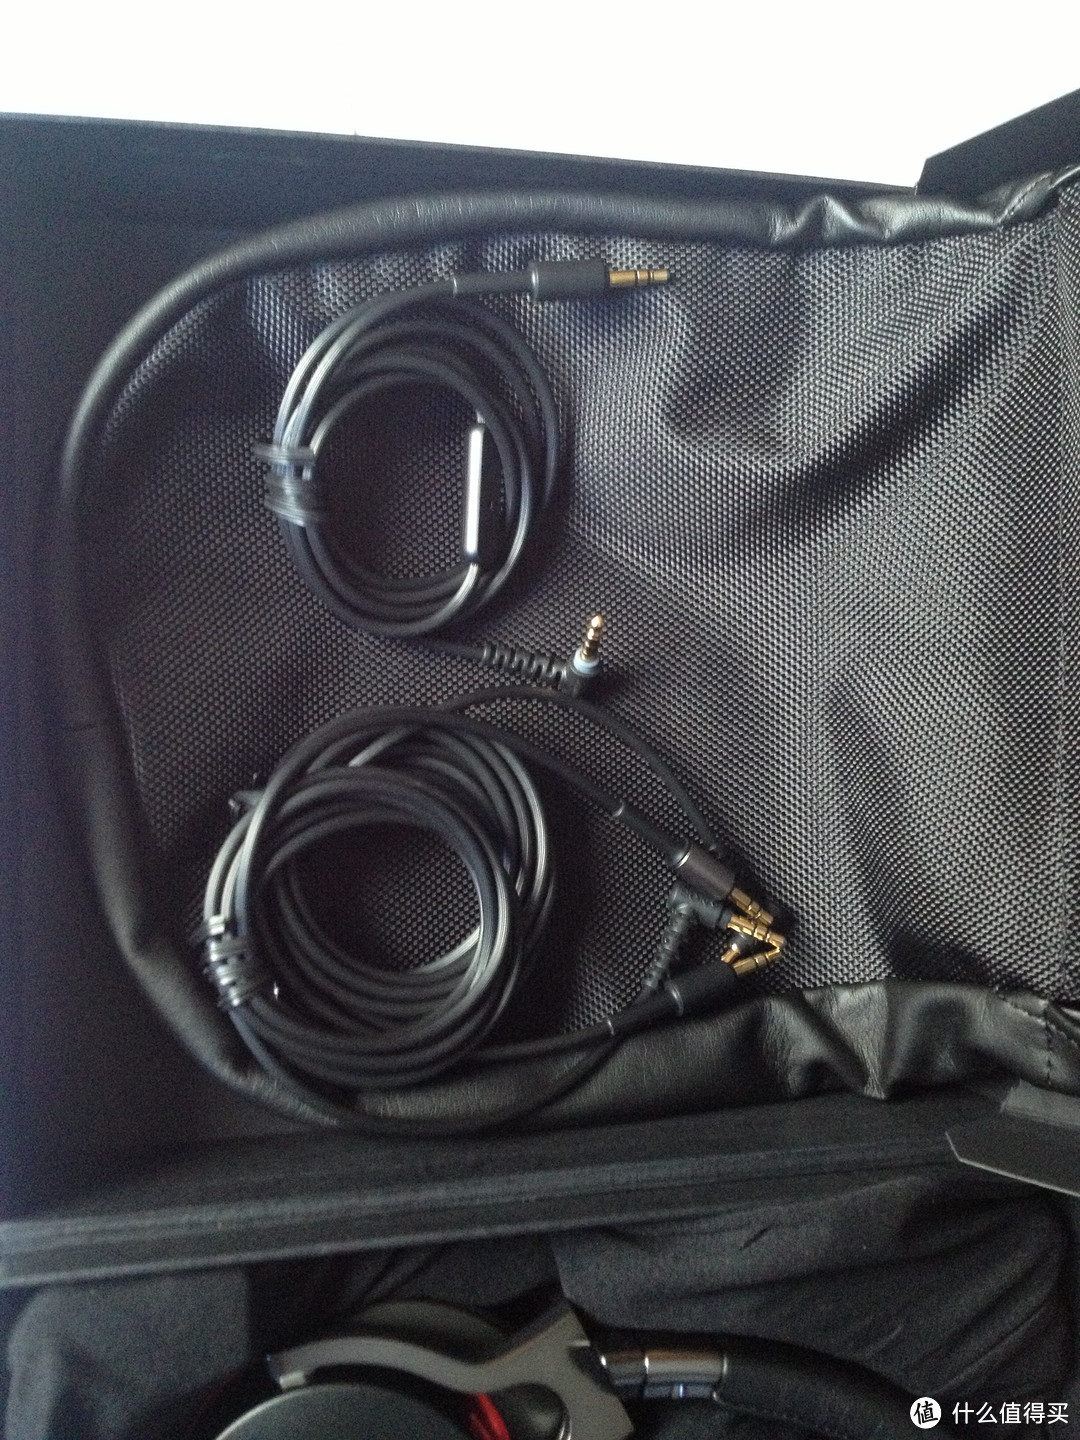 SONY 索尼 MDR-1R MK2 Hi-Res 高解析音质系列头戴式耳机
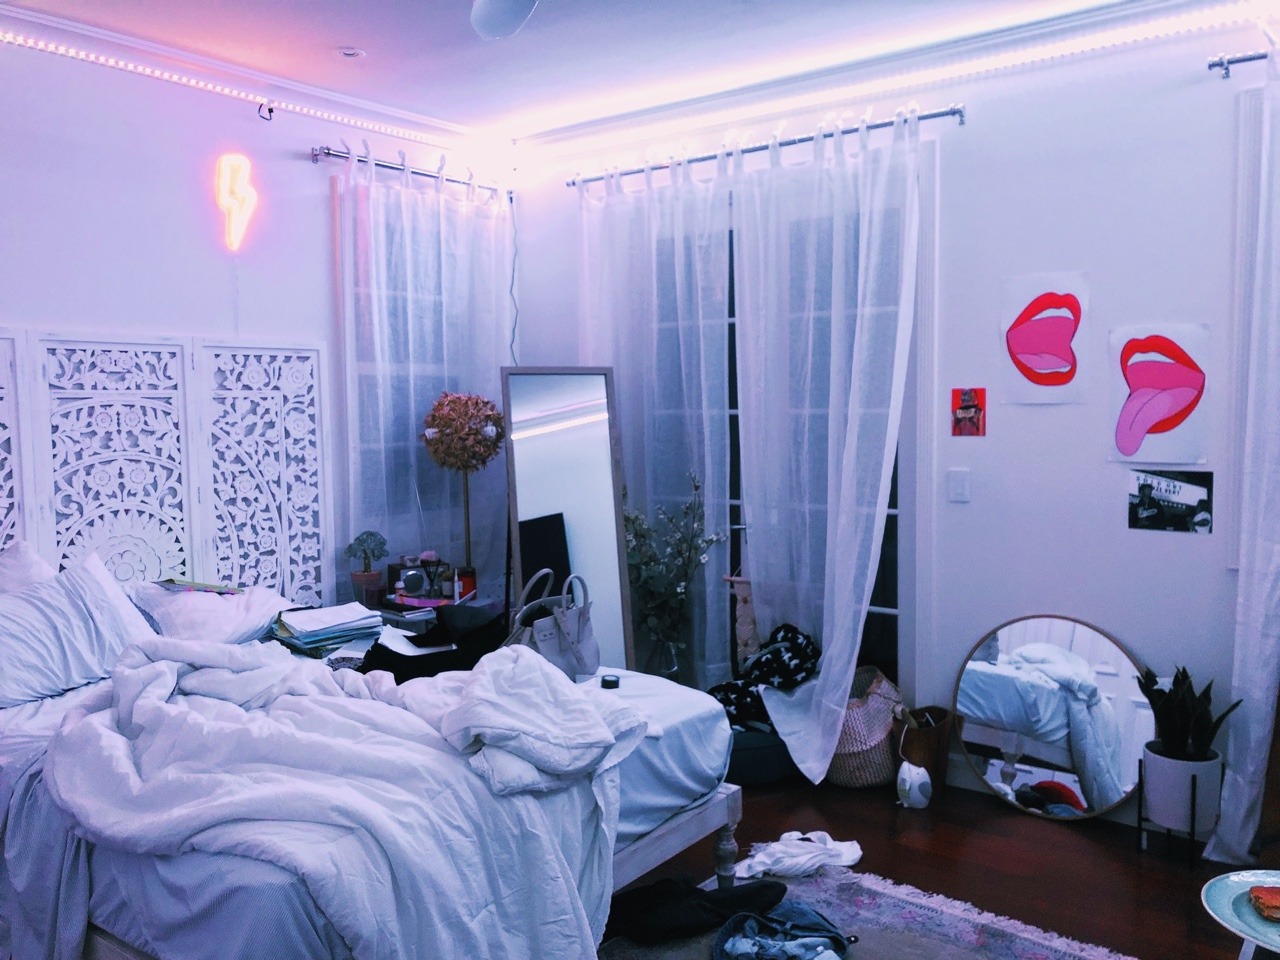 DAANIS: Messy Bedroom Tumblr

...

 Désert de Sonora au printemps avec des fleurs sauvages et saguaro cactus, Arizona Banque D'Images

--

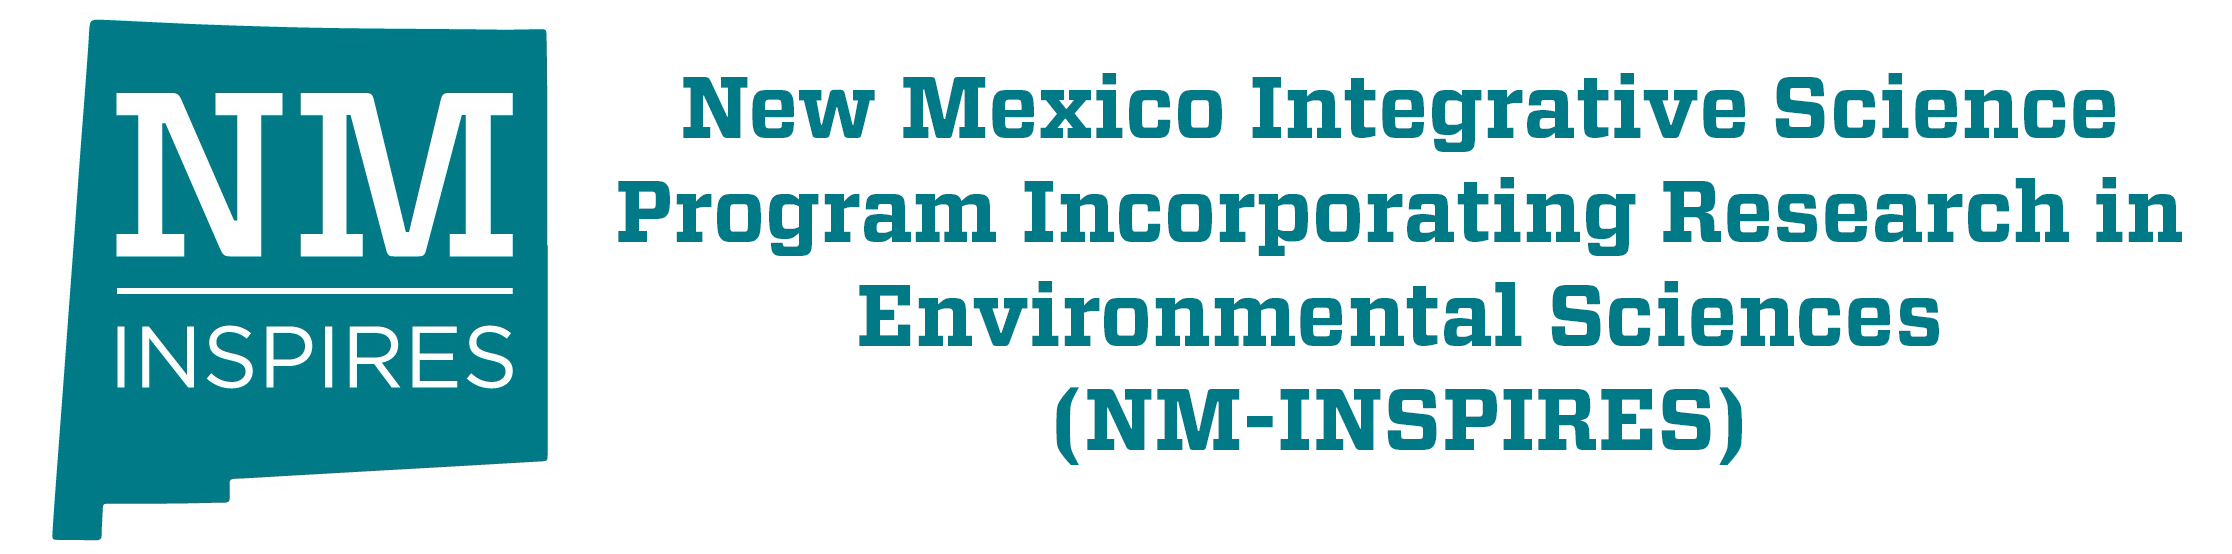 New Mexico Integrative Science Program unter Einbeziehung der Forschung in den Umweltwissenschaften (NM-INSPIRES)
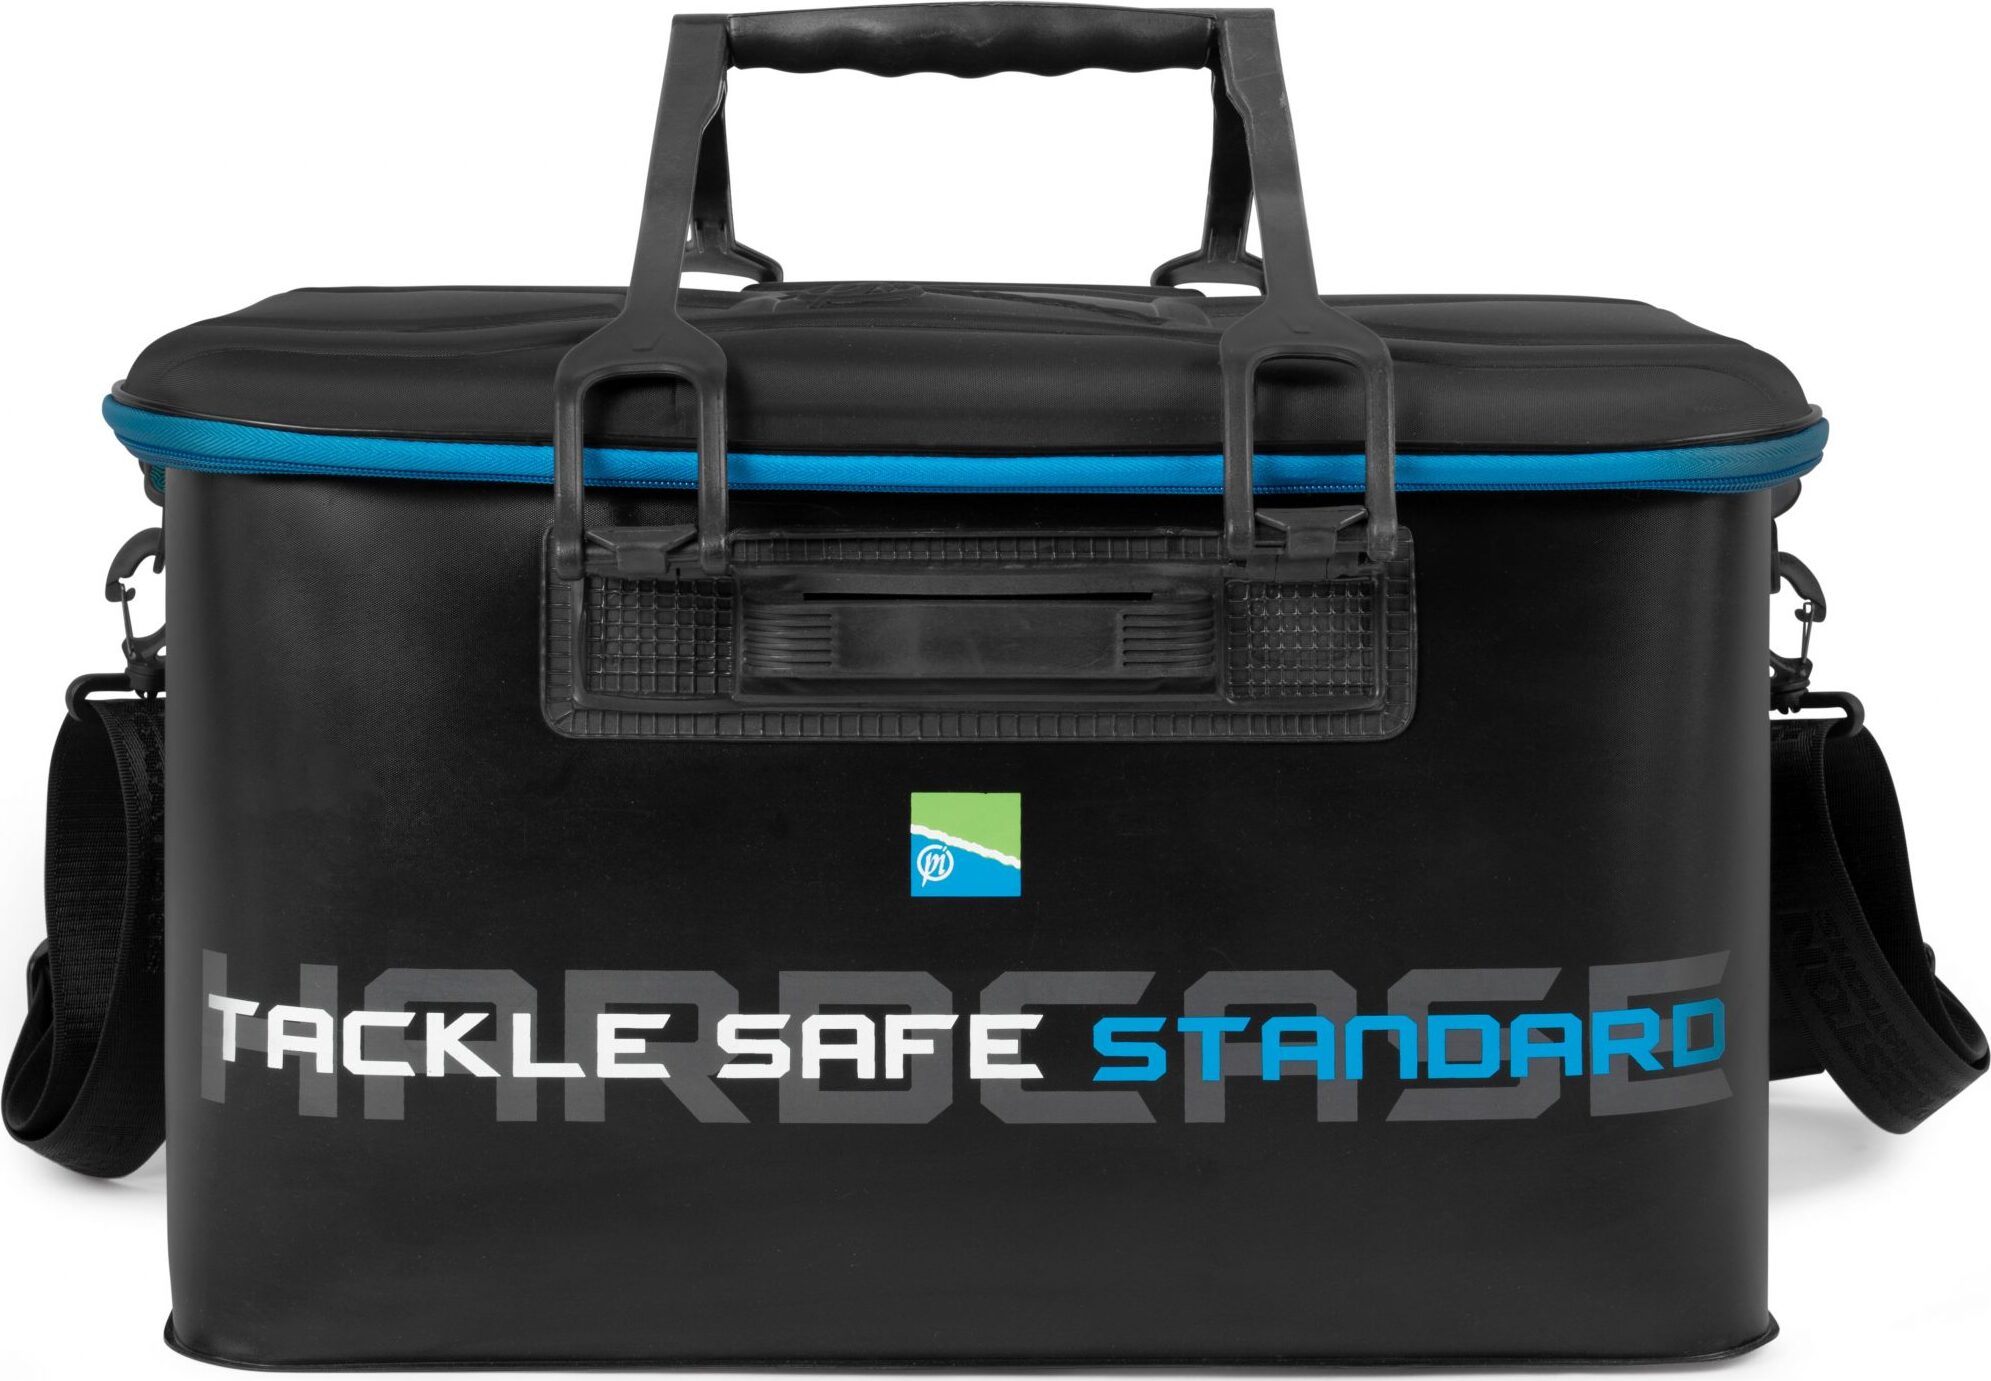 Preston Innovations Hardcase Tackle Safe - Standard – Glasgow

• [What the task requires]:
Above are some records. Output exactly the lines from the one that contains "SONY 索尼 MDR-1R MK2 Hi-Res 高解析音质系列头戴式耳机" to the one that contains "DAANIS: Messy Bedroom Tumblr", keeping both, and omit the pictures.

• [Response area]:
 SONY 索尼 MDR-1R MK2 Hi-Res 高解析音质系列头戴式耳机
 DAANIS: Messy Bedroom Tumblr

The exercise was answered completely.